10U.K.In section 164L—

(a)after subsection (10) there is inserted—

(10A)For the purposes of this Chapter, where—

(a)a person has acquired any eligible shares in a qualifying company (“the acquired holding”) for a consideration which is treated as reduced under this Chapter by any amount (“the held-over gain”), and

(b)after that acquisition, he acquires eligible shares in a relevant company,

he shall not be regarded in relation to his acquisition of those shares in the relevant company as acquiring a qualifying investment for the purposes of section 164A.
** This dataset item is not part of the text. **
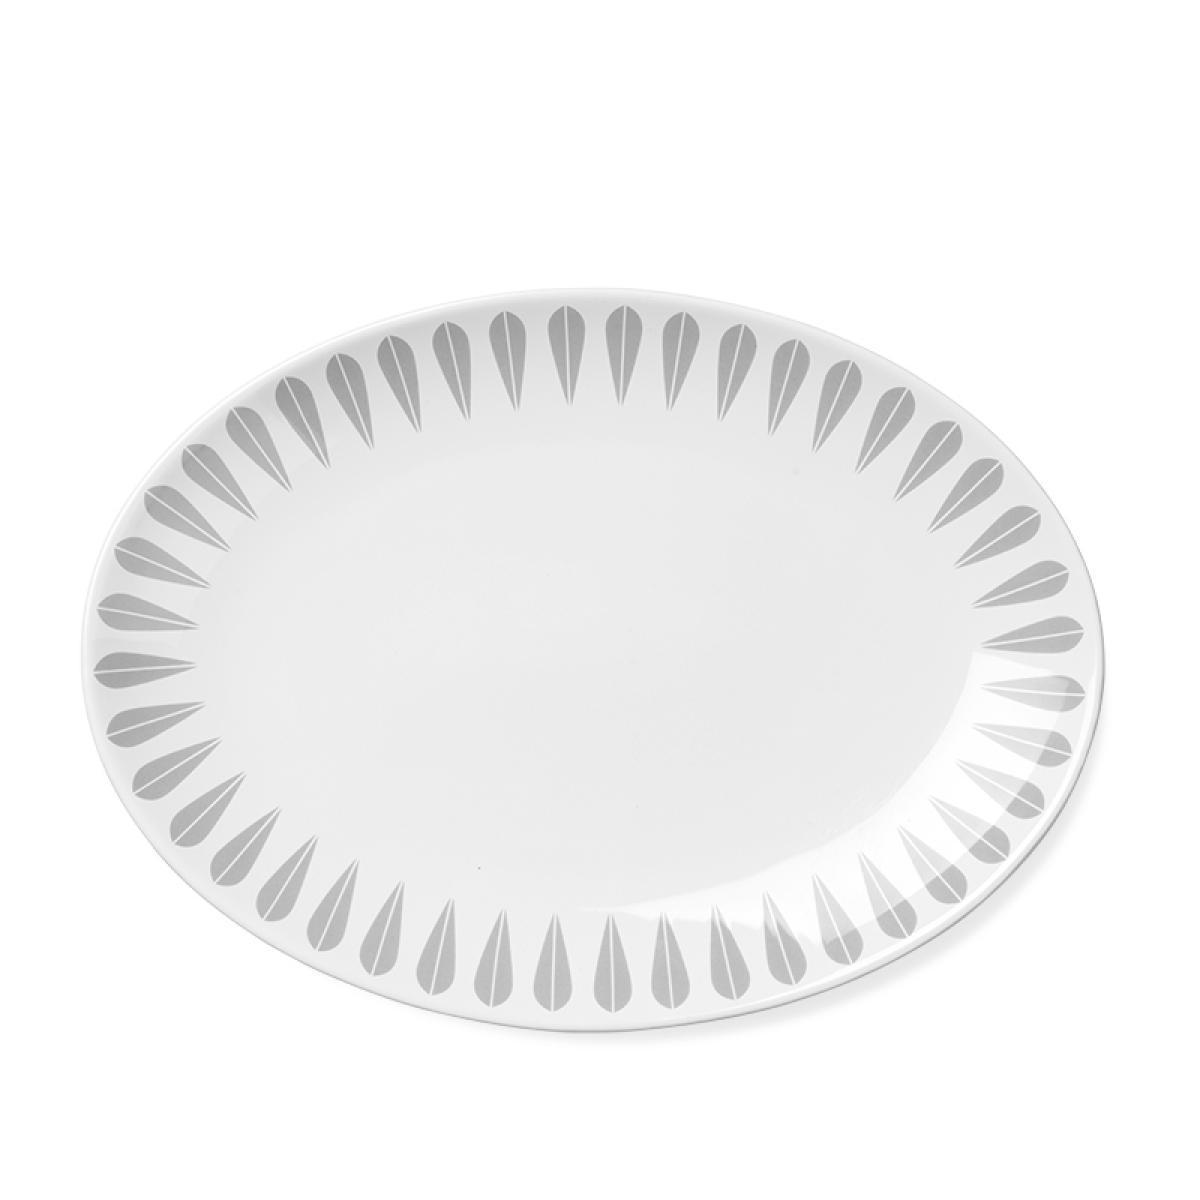 Lucie Kaas Collection Arne Clausen Service Plate Grey, 34 cm

(10B)For the purposes of subsection (10A) above a company is a relevant company if—

(a)where that person has disposed of any of the acquired holding, it is the company in which the acquired holding has subsisted or a company which was a member of the same group of companies as that company at any time since the acquisition of the acquired holding,

(b)it is a company in relation to the disposal of any shares in which there has been a claim under this Chapter such that, without that or an equivalent claim, there would have been no held-over gain in relation to the acquired holding, or

(c)it is a company which, at the time of the disposal or acquisition to which the claim relates, was a member of the same group of companies as a company falling within paragraph (b) above, and

(b)in subsection (11), for the definition of “chargeable business assets” there is substituted—

chargeable business asset”, in relation to any company, means a chargeable asset (including goodwill but not including shares or securities or other assets held as investments) which is, or is an interest in, an asset used for the purposes of a trade, profession, vocation, office or employment carried on by—

(a)the individual acquiring the shares,

(b)any personal company of that individual,

(c)a member of a trading group of which the holding company is a personal company of that individual, or

(d)a partnership of which that individual is a member.

MiscellaneousU.K.

11U.K.In section 164N, after subsection (1) there is inserted—

(1A)Every asset of a company is for the purposes of this Chapter a chargeable asset of that company at any time, except one on the disposal of which by the company at that time no gain accruing to the company would be a chargeable gain.